I have observed that, often, “White” men and women visiting the Far East and other such “exotic” destinations, end up making money out of these jaunts.  A book about some art form or aspect of culture, and, nowadays, a website where an Indian can even learn how to tie a sari. An almost obsession to co-opt anything that seems worthwhile. “You may have done all this but, by writing about it, I display a superior claim to it”. And so they teach you Yoga, how to play the sitar and, even, how to cook your own dishes.

What is wrong with such cultural give and take, you ask? Nothing. Save that when an Asian or other such does anything of the sort, cries of “plagiarism”, monkey see monkey do and similar expressions of mocking outrage stream out at us. Also, give and take takes on a very nasty flavor if one converts it to take and give. Remember how cloth was taken and clothes were given? Geographies were taken and readymade enemy nations were given?

Jordis is in direct lineage of those who once claimed that there was scientific evidence to prove that some races are inferior. She travels and writes for the primary purpose of showing down the peoples she visits. She is, in short, a rather unpleasant visitation.

With her connections she gets away with published books in inviting covers. A fulsome over ornate style serves to voice her mourning of neglected colonial architecture and, if such an appetite moves you, her books might enlighten you about various authors from the colonial times. 

Tuesday, May 27, 2014

The Gu Family Book-Of Mythical Beings, Love and Other Dramas

Of late I've been watching one Korean drama after the other. The latest one is Gu Family Book.

A mythical guardian of a mountain sees a damsel in distress. The immortal chooses to become mortal so that he may love and be loved by the human woman. Tragedy ensues. But that is just the beginning for a child has been conceived and this serial deals with his life. History repeats itself. Love and tragedy are framed within a complex web of stories, yet the threads are rich with humour and the triumph of good.

With 24 episodes, I've still a lot to watch but at Episode 9, I'm glued and ever eager to get to watch the next one.

I do hope Indian Television will start broadcasting Korean films and dramas. Not only are they enjoyable and more so given the similarities in culture but they are also less laced with poisonous versions of reality such as we see in the few "foreign" shows available on Indian TV.

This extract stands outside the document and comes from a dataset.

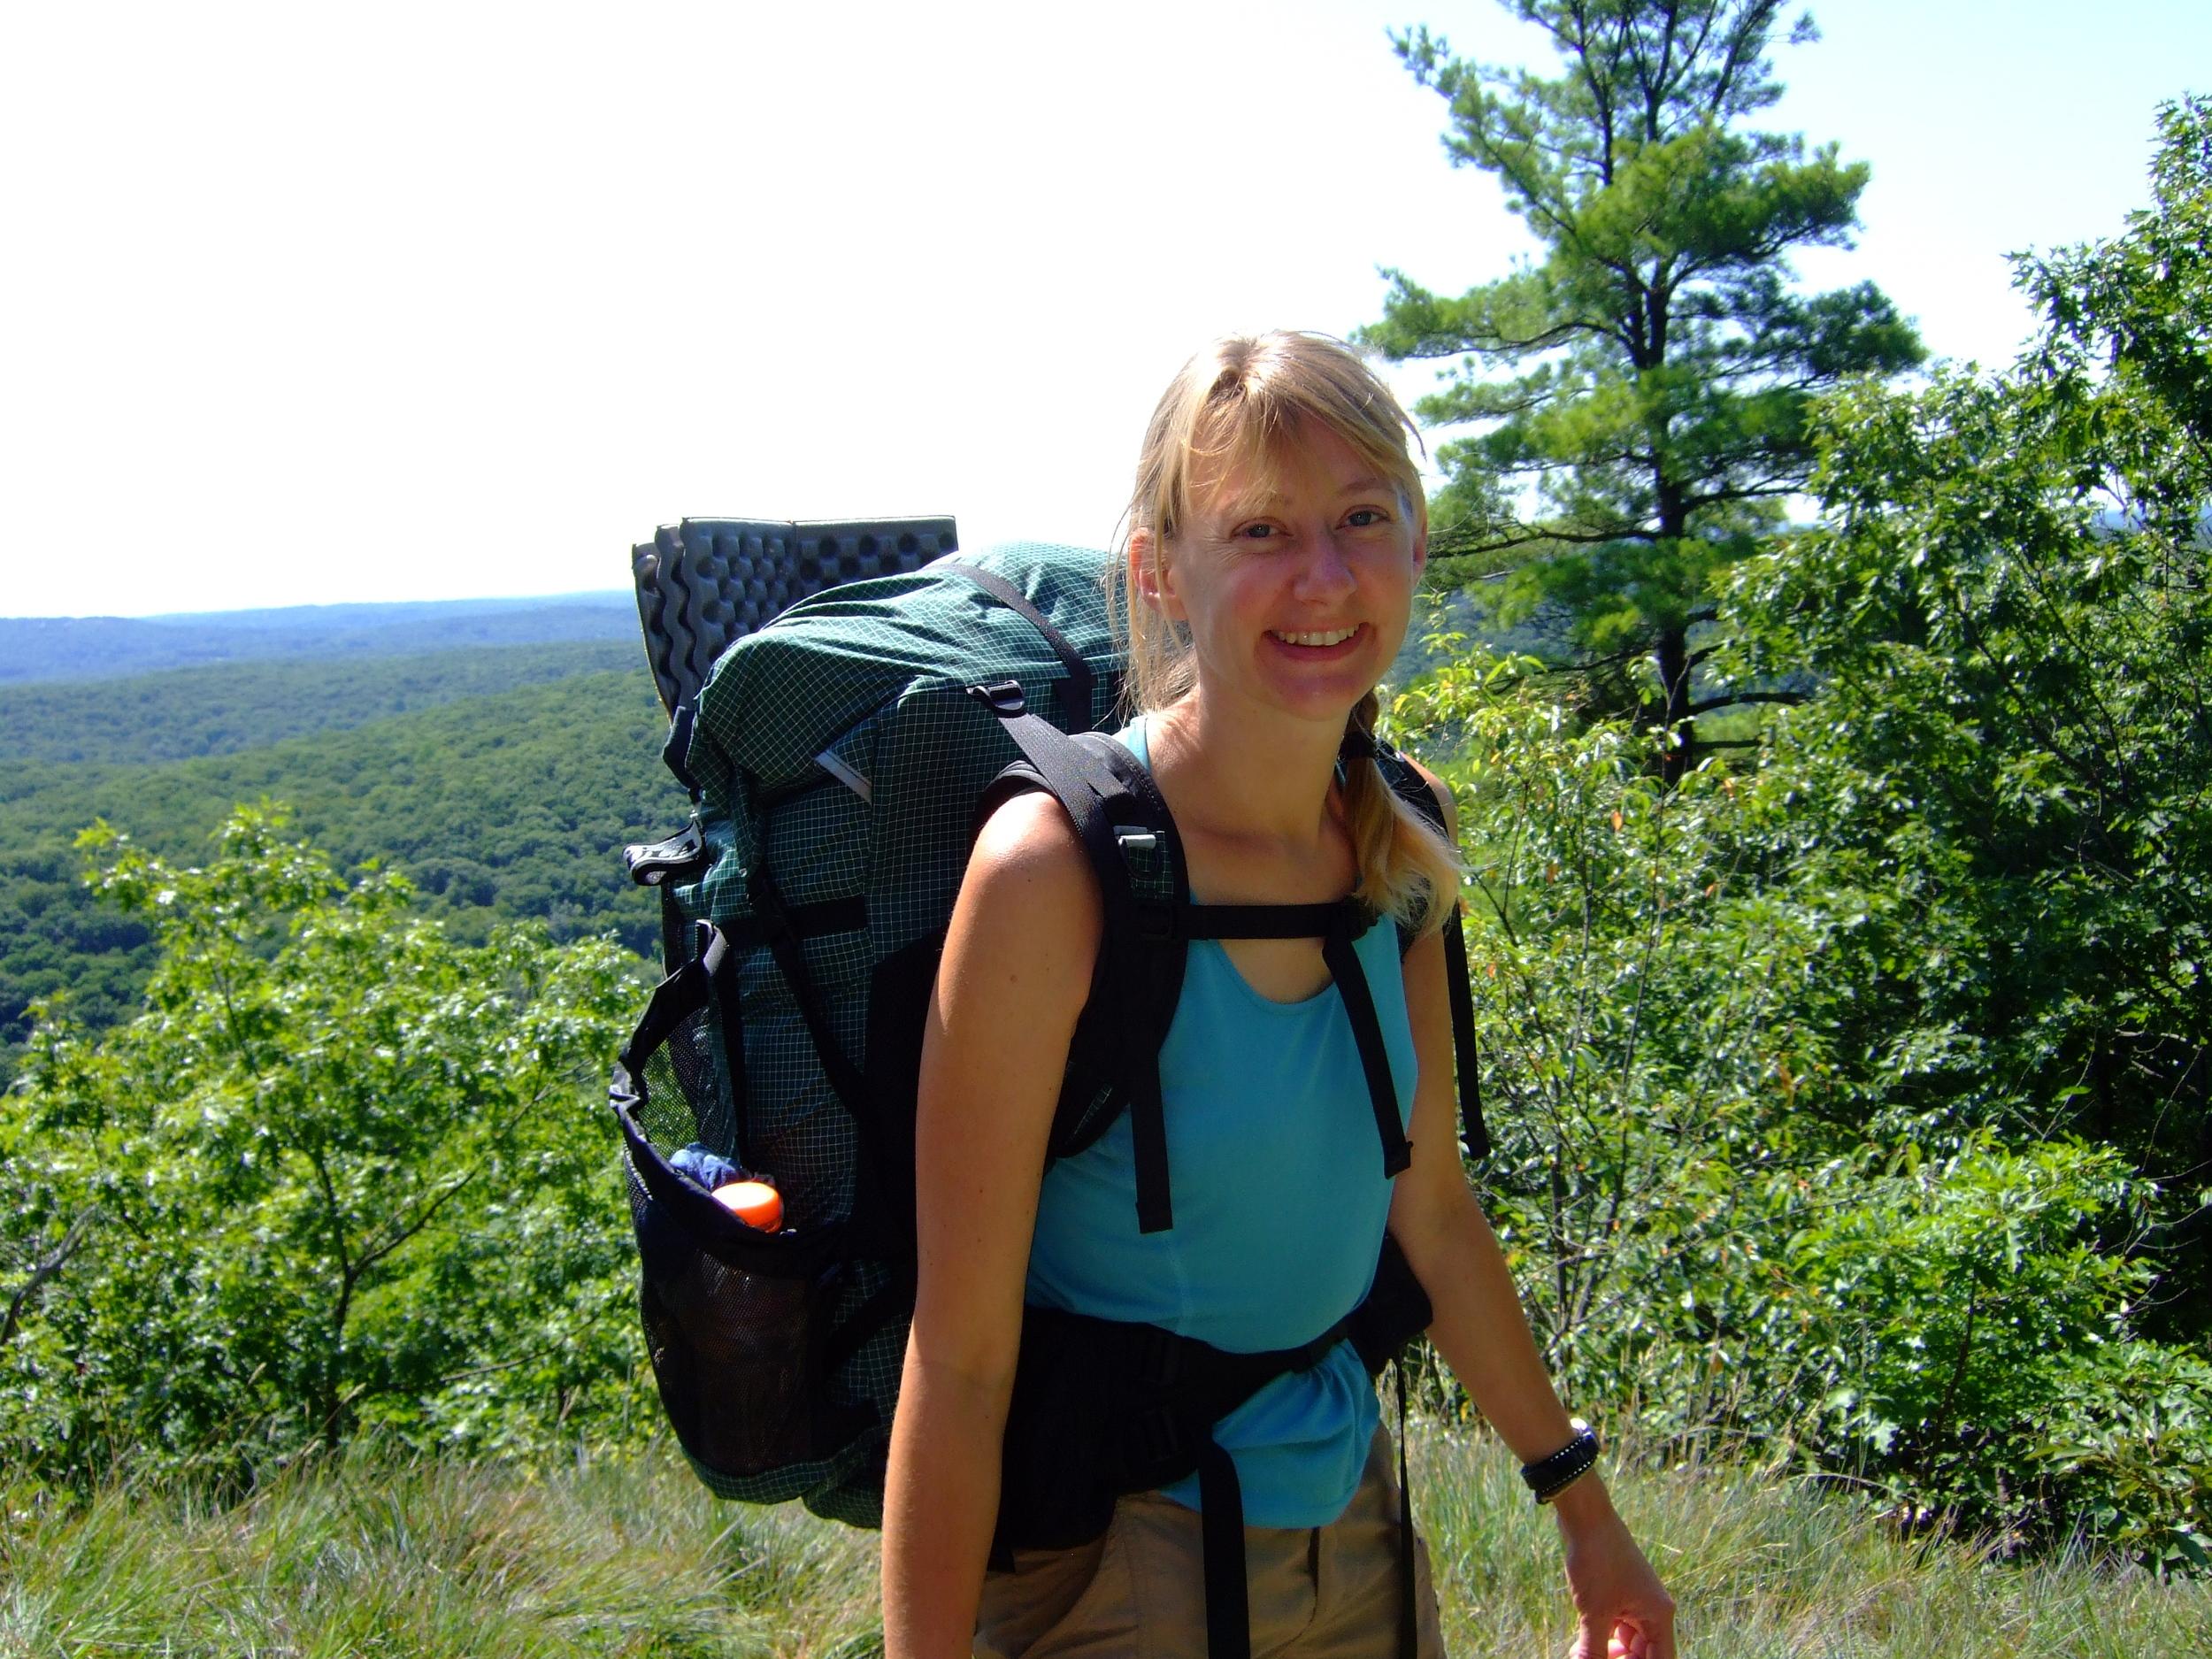 Appalachian-Trail-hiking-myths

Exposure to Korean dramas will also improve the quality of Indian serials which, so far, seem to continue to reflect a twisted face of our realities. Without plagiarism, what should emerge from such a relationship is a richer stock of stories and better technical skills.

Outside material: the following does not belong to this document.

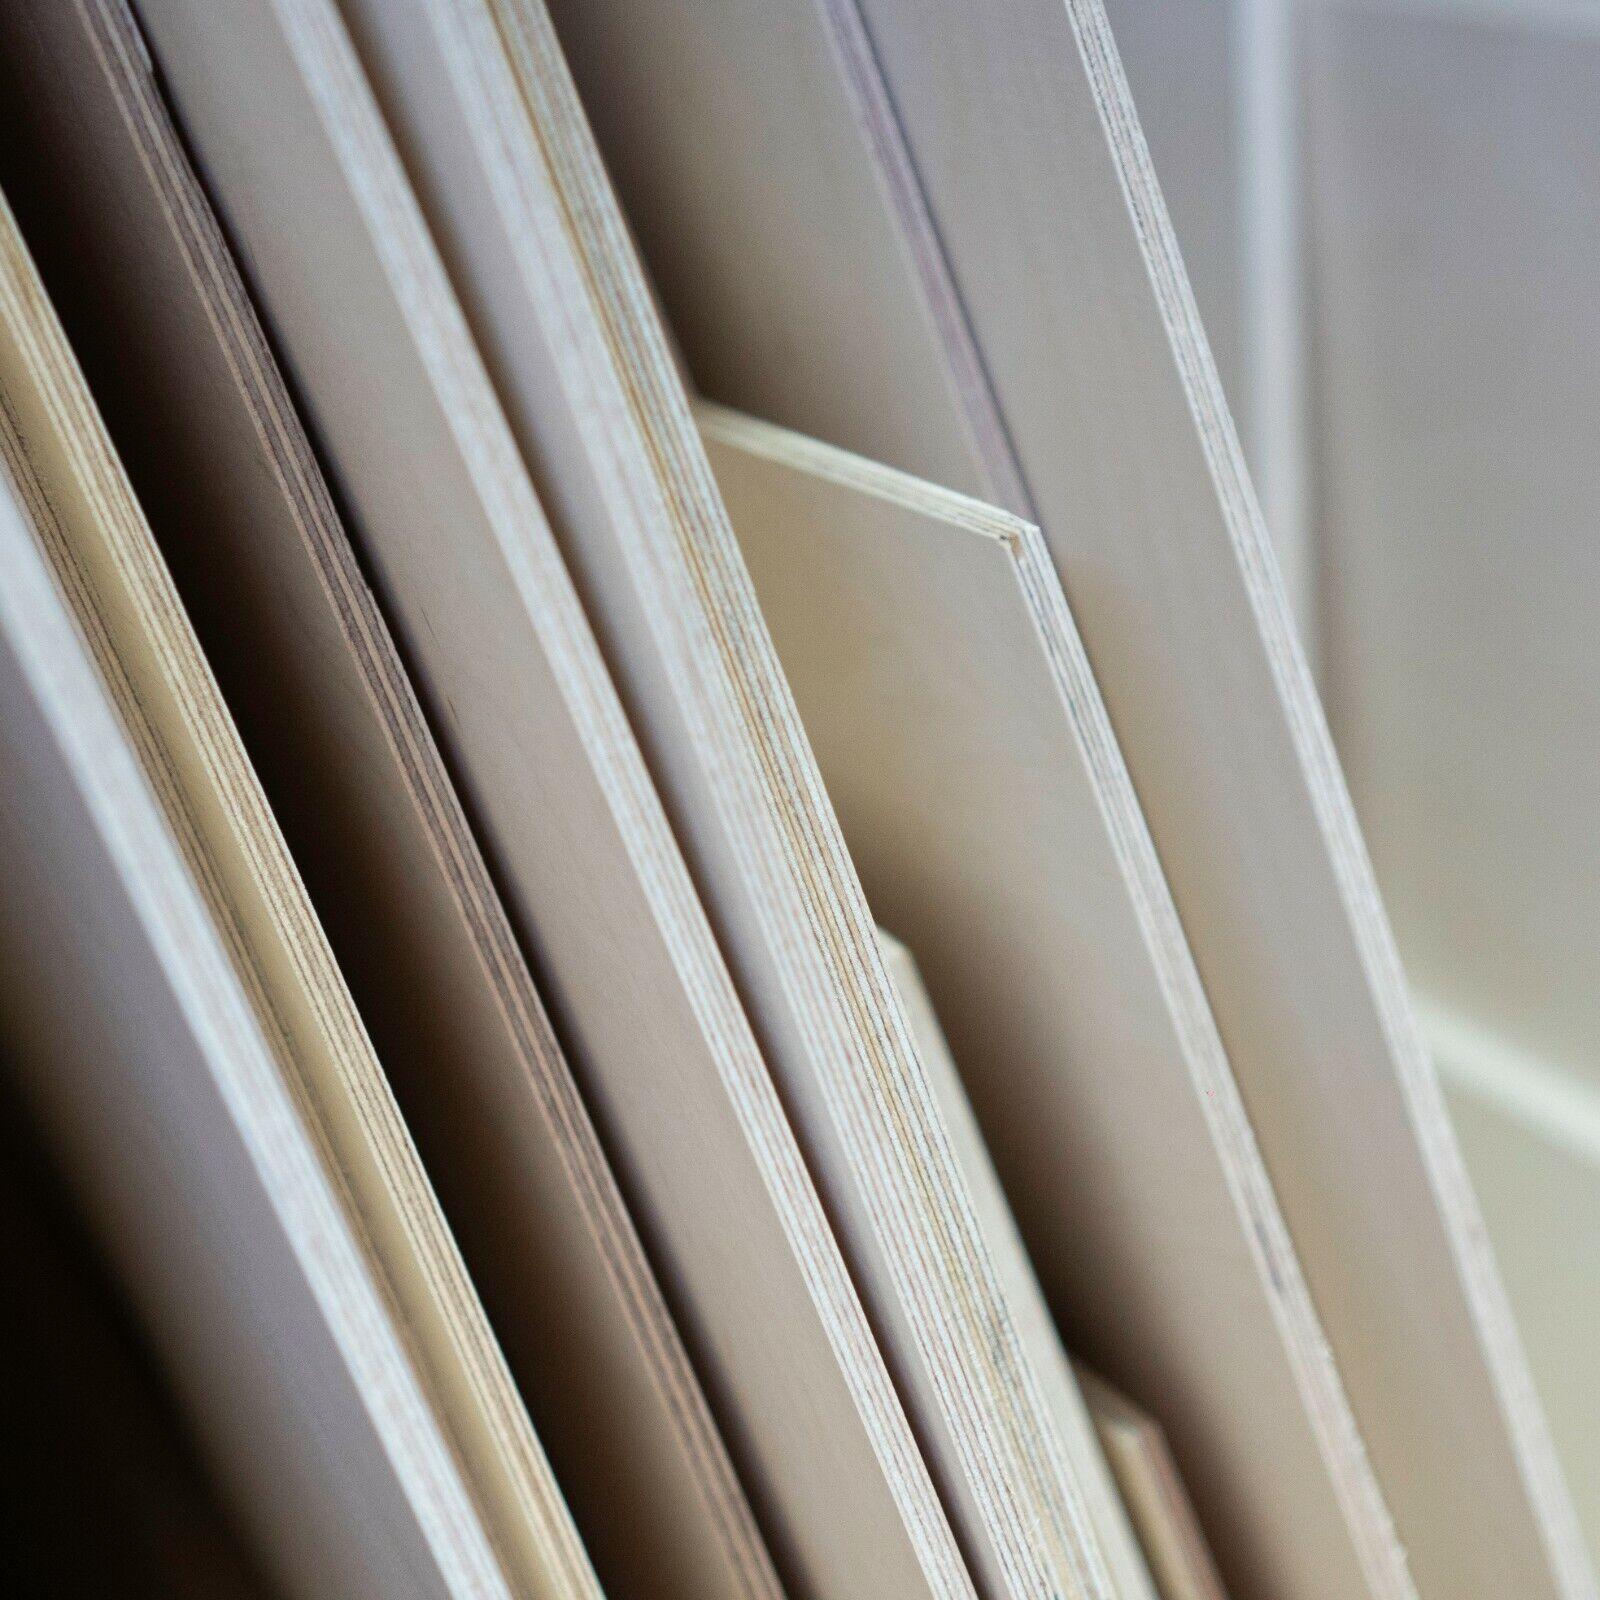 20x20 cm Siebdruckplatte 18mm Zuschnitt Multiplex Birke Holz Bodenplatte

Korean dramas display a refined sense of moral values, including family values, on the one hand, and on the other, they manifest a concern for good government. To be able to do these heavy duties and provide ace entertainment is indeed laudable.   

Thursday, May 22, 2014

Theroux's Sunrise with Seamonsters: An enchanting introduction to English Literature, random authors, Theroux and other demons

Long long ago, I used to enjoy Paul Theroux. And then I chose not to read him and others who view the world as through a film of scum. He is, undeniably,  among those living authors whose works can be classified as Literature. Yet, like many such of these times, or, actually of a certain chunk of history, he manages, mostly, to leave one feeling distinctly soiled, leaves that which he writes about, tainted.

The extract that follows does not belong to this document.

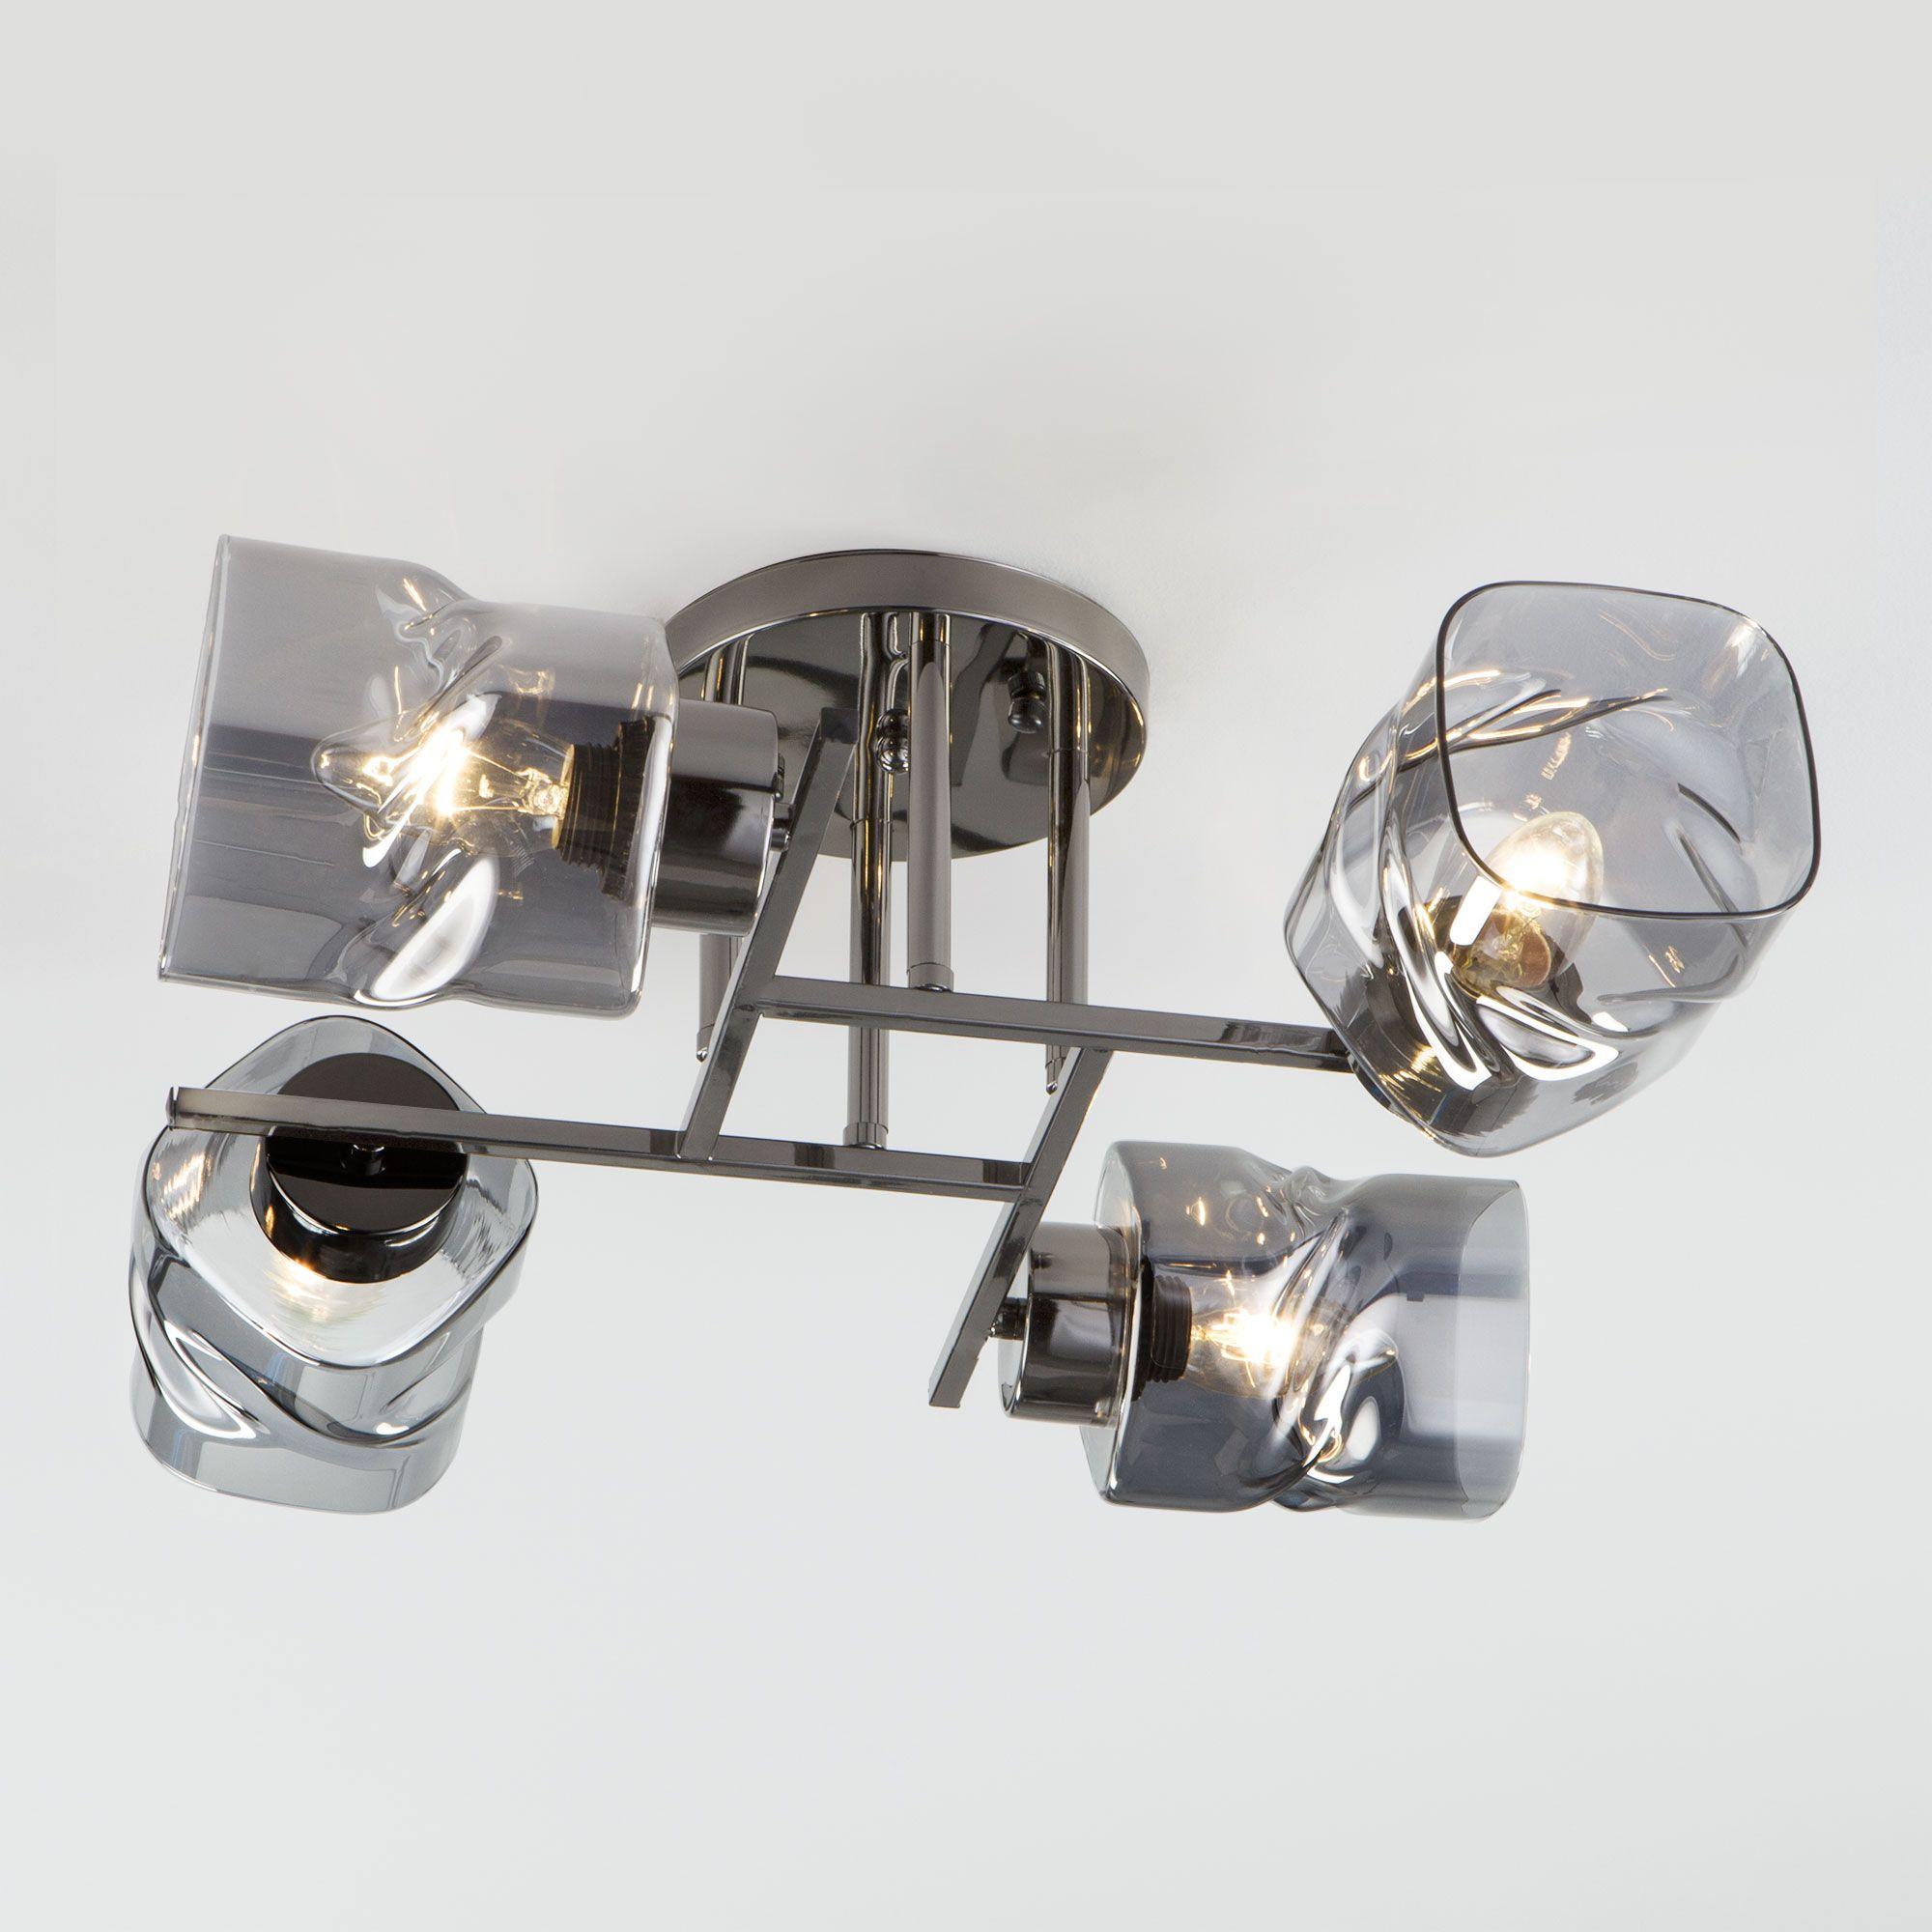 Потолочная люстра со стеклянными плафонами 30165/4 черный жемчуг

It was a random pick when I was in a bit of a hurry, that left me reading Sunrise with Seamonsters.

This is a book I would choose if I were to give one class on English literature. Theroux's pieces, of which this book is a collection, deal, as we are wont to expect from him, with his travels, on the one hand: Burma, Malaysia, Africa and India, among other places, lands he has traveled or lived in.

On the other side, the book has outstanding essays on authors like R L Stevenson and Henry James, to mention a few. One of my favourite chapters concerns the time he met Naipaul and how the latter became his mentor, in a way. I later found, by surfing the Internet, that they had a major feud along the way. So, this book is a great read for anyone who enjoys English language literature and a painless way for the amateur litterateur to acquire some knowledge about the great authors of that genre.

An added bonus is his splendid though sometimes noxious style. Little wonder that he chose to look upon Naipaul as a guru! And it is this trait which, of course, made the Singapore Government wary of him.

It's a delightfully gossipy and irreverent way to learn something of how famous authors, including Theroux, write, how they live and how the mighty can be flighty or just plain petty.

This is an excellent book for the traveler, the student of English and American literature, the reader who enjoys fine writing laced with piquant spice and anyone who enjoys a good  read.

Wednesday, April 30, 2014

Me, Amelie Nothomb and Other Japanese Dramas

Given my attention deficit disorder when reading or watching movies or serials, I must confess that Stupeur et tremblements has held me in thrall so far. I am not in a stupour when I read Amelie's entertaining story but I do kind of quiver with amusement. Each line draws such a caricatural vision of a French woman trapped in a nightmare world of Japanese enterprise. It strikes a familiar chord in me as I have had close encounters with the sort of experiences about which she writes. This is surely also true for many other Indians who live largely via their English language (or other European language) selfs. For those of us who live this schizoid life, our own cultures are inscrutable to us many a time.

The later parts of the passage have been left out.